- **Task goal**
Transcribe every line of the material below exactly, leaving out the pictures.

- **Supplied material**
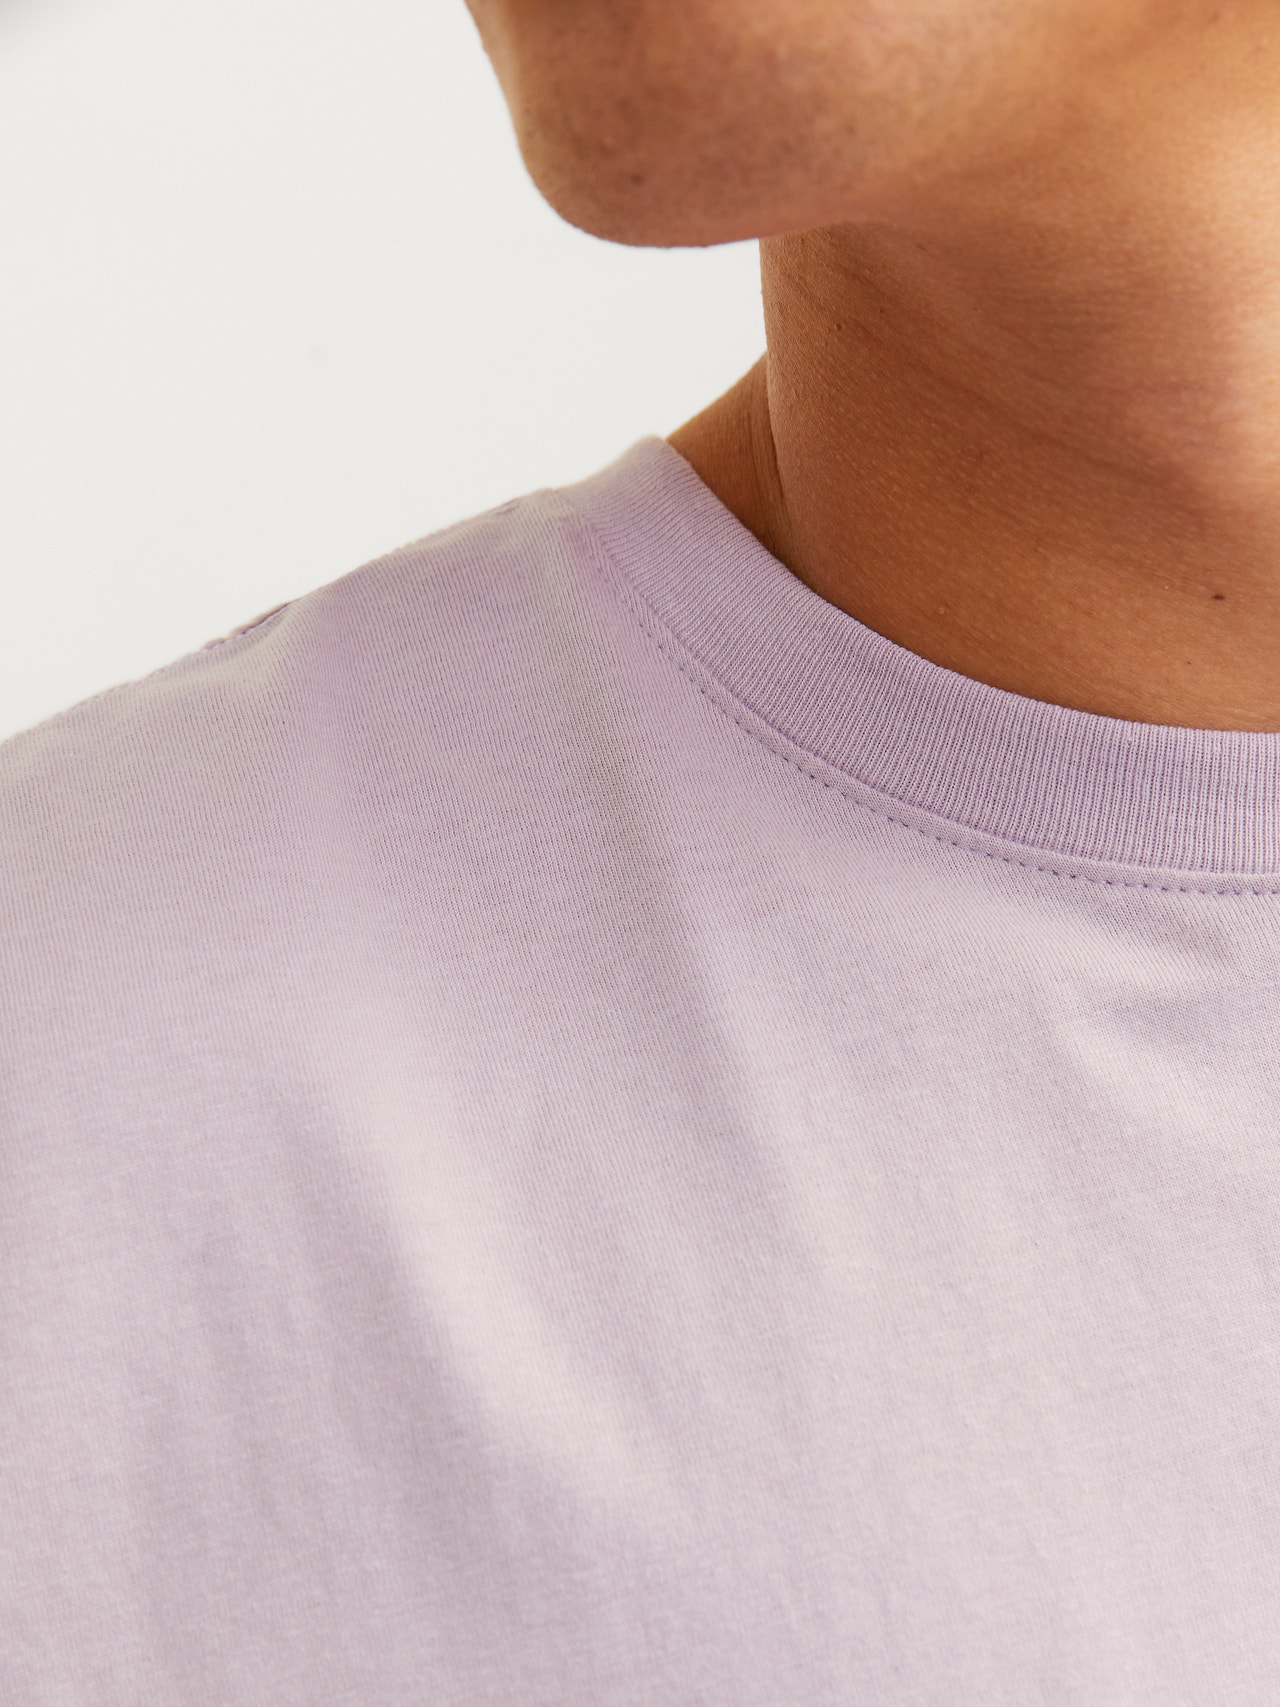 Jack & Jones T-shirt Estampar Decote Redondo -Lavender Frost - 12255569
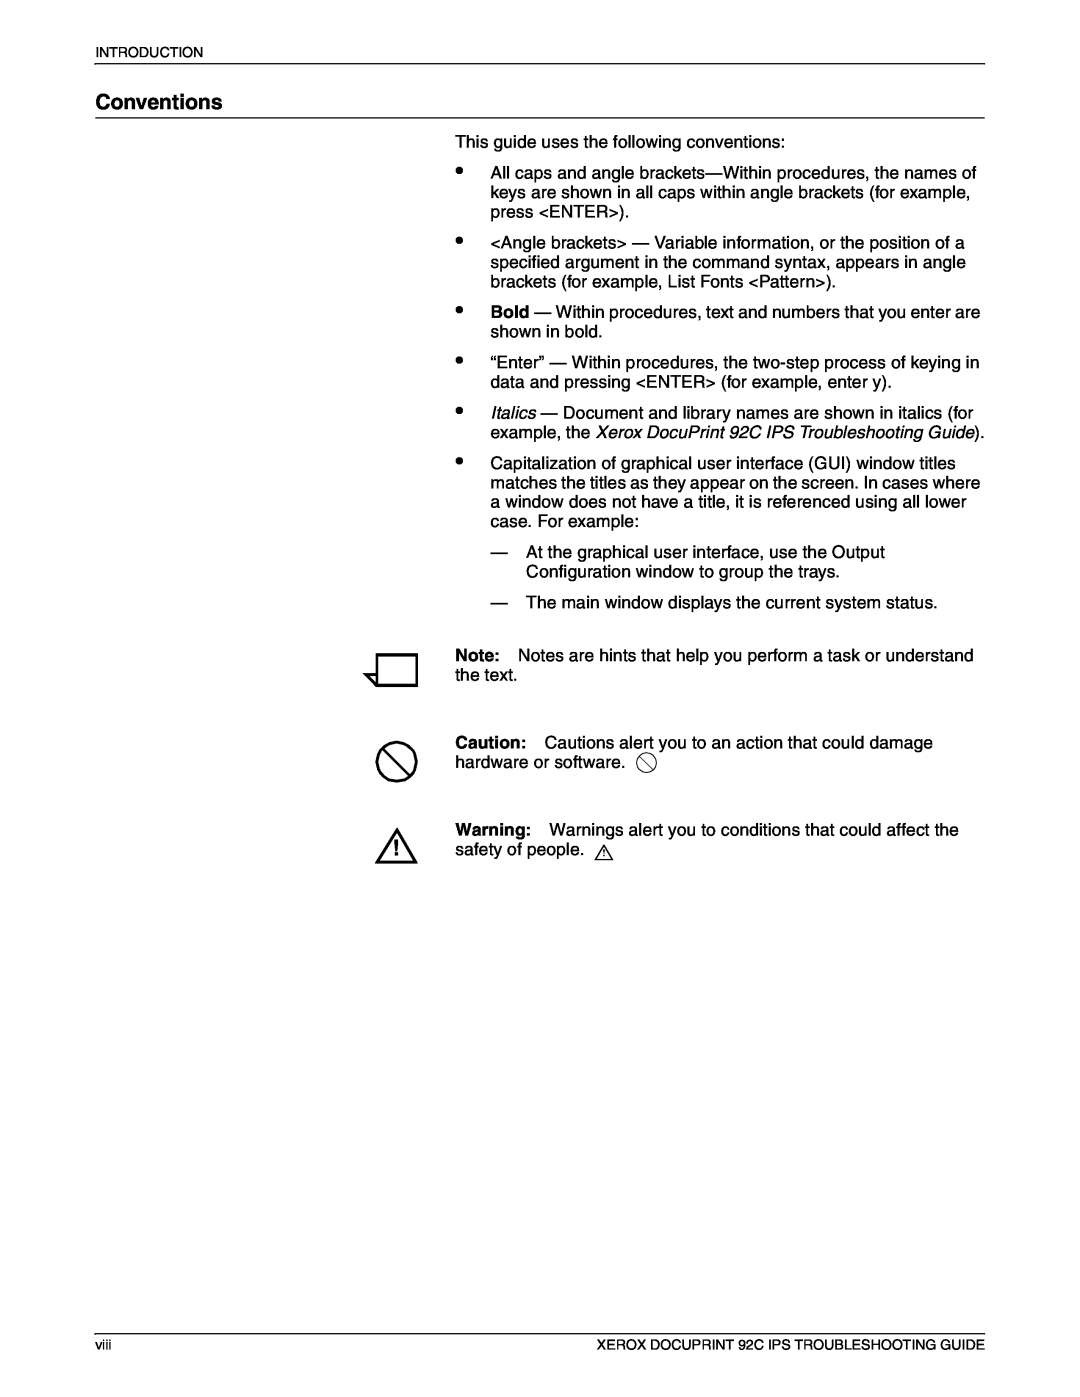 Xerox 92C IPS manual Conventions 
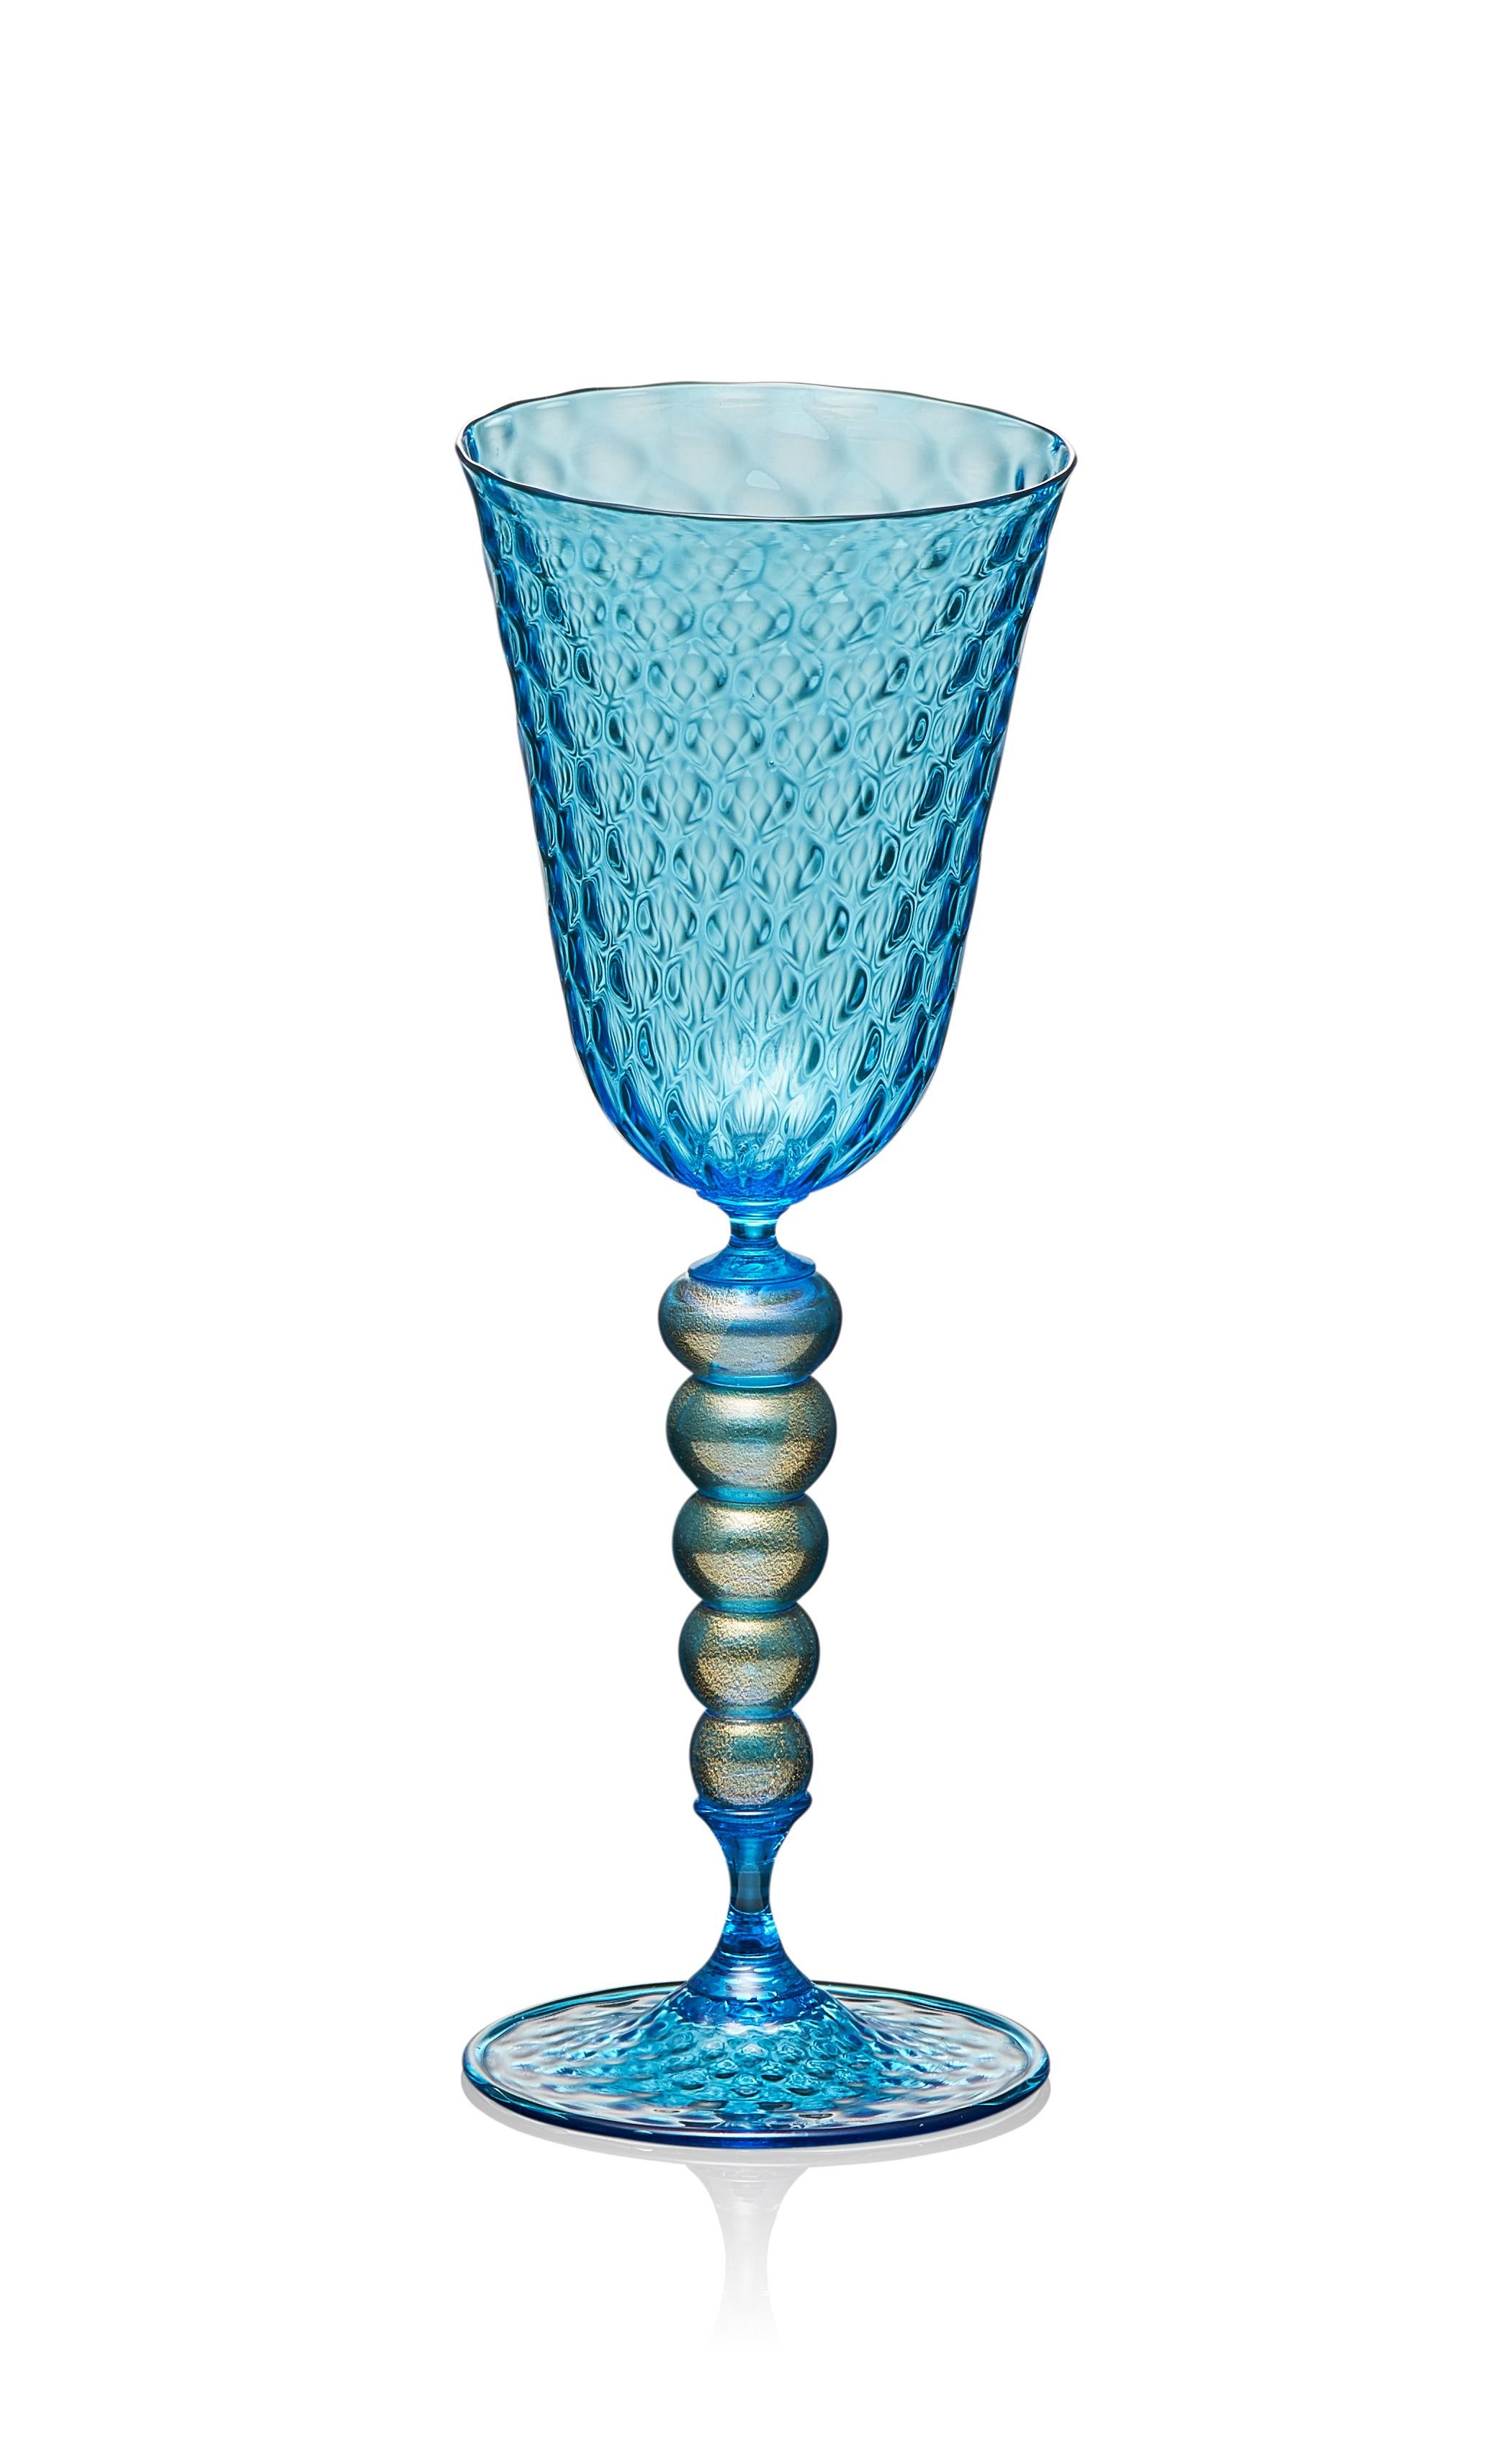 Copper Blue Goblet - Art by Michael Schunke

- **Result**
 Jack & Jones T-shirt Estampar Decote Redondo -Lavender Frost - 12255569
 Xerox 92C IPS manual Conventions 
 Copper Blue Goblet - Art by Michael Schunke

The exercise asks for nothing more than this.